At that time, many researchers were being attracted to other algorithms like Support Vector Machine (SVM) and so on.

Why Deep Learning Again?

Some researchers, such as, Yann LeCun, Geoff Hinton, Yoshua Bengio and Andrew Ng, continued to study neural networks. Thanks to their achievements, algorithms based on deep learning have achieved better results than others on many tasks and competitions, such as ILSVRC2012. I like their talk about their struggles in the winter: Deep Learning Gurus Talk about History and Future of Machine Learning.

After their achievements, many researchers started using deep learning techniques again.

Deep learning algorithm breakthroughs, coupled with the latest hardware improvements, made it more practical, since large amounts of data and huge computational resources are required for deep learning.

I like the TED talk by Fei-Fei Li (director of Stanford's Artificial Intelligence Lab and Vision Lab) and her explanation as to why large amounts of data are needed for AI.

(I visited Stanford University last year, but I couldn't see her unfortunately...)

Image Classification

One of the practical applications of deep learning is image classification / object recognition. We prepared an image data set from Mercari that contains 1 million item images from about 1,000 categories (1,000 images for each category). We used 90% of the images for training and the other for evaluation.

Sample Images

f:id:kumonworld:20170113013505j:plain:w250 f:id:kumonworld:20170113013514j:plain:w250 f:id:kumonworld:20170113013526j:plain:w250


We conducted our image classification experiment using TensorFlow. TensorFlow is Google's open source machine learning library. It's not just for neural networks.

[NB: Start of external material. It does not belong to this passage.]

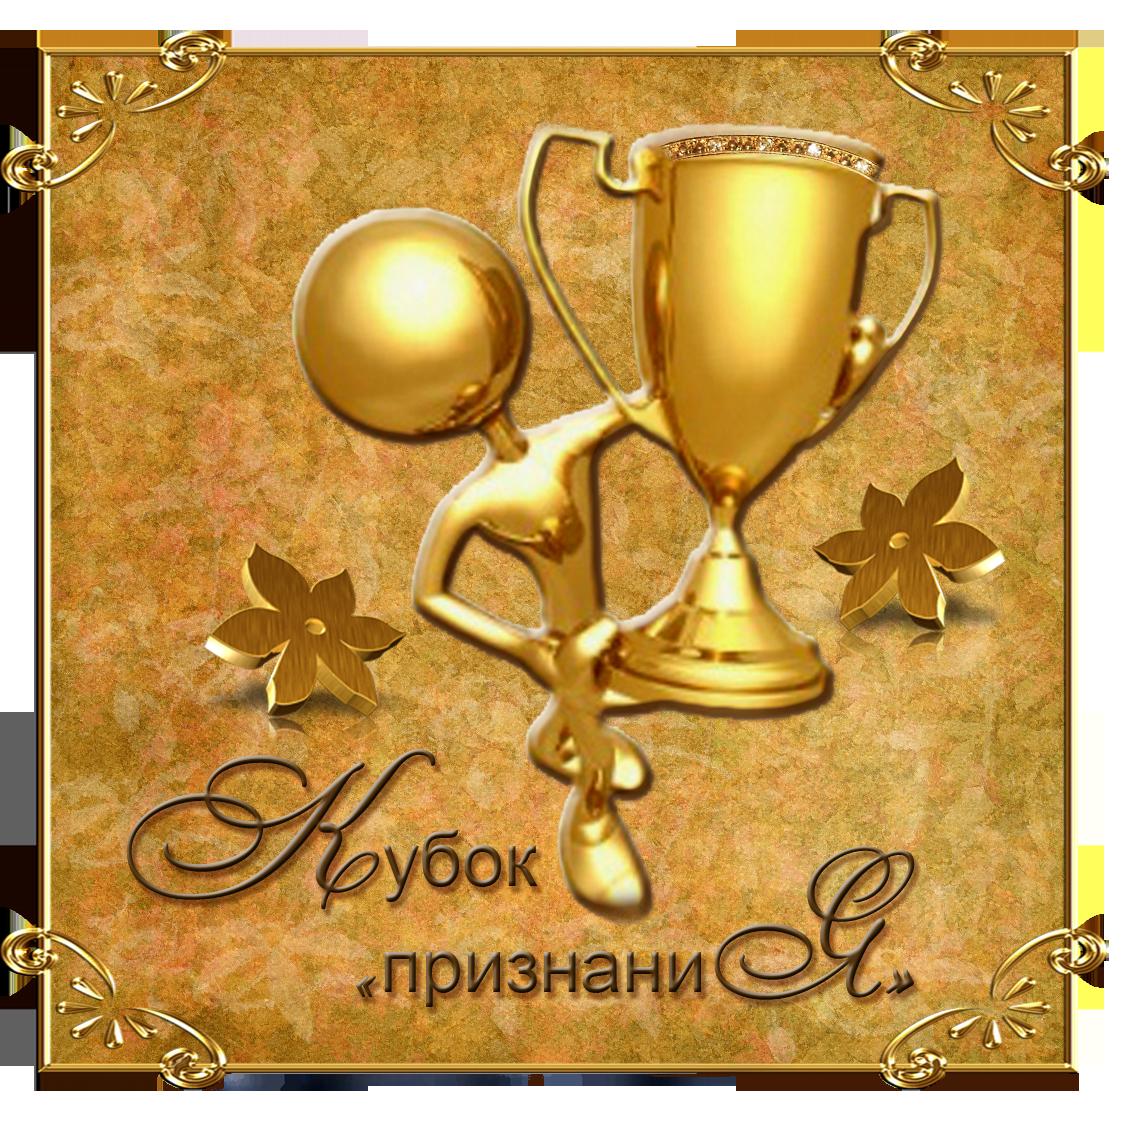 Поздравления со спортивной победой в картинках6

We used the Inception-v3 model. It is a powerful image classification algorithm based on deep neural networks. In order to train the model from scratch, TFRecord format data is needed. A script for converting images to TFRecord format data is included in the repository.

ImageNet is a common academic image data set for image classification. The data set is described in the TED talk above. Also the Inception-v3 model uses the data set as a training example. Although we didn't depend on ImageNet, we used as described in README. This is also available for any image data set without the need to make any changes as long as the number of categories is less than or equal to 1,000 and each category has around 1,000 images.

Even if your data has more categories, you just have to change the number of categories and images for training in

Then, you can run the training script.

# Build the model. Note that we need to make sure the TensorFlow is ready to
# use before this as this command will not build TensorFlow.
bazel build inception/imagenet_train

# run it
bazel-bin/inception/imagenet_train --num_gpus=1 --batch_size=32 --train_dir=/tmp/imagenet_train --data_dir=/tmp/imagenet_data

Environment & Parameters

GPUs have been more commonly used for machine learning in recent years. It is possible to train the model without GPUs. However, it may take several or more months to obtain practical results.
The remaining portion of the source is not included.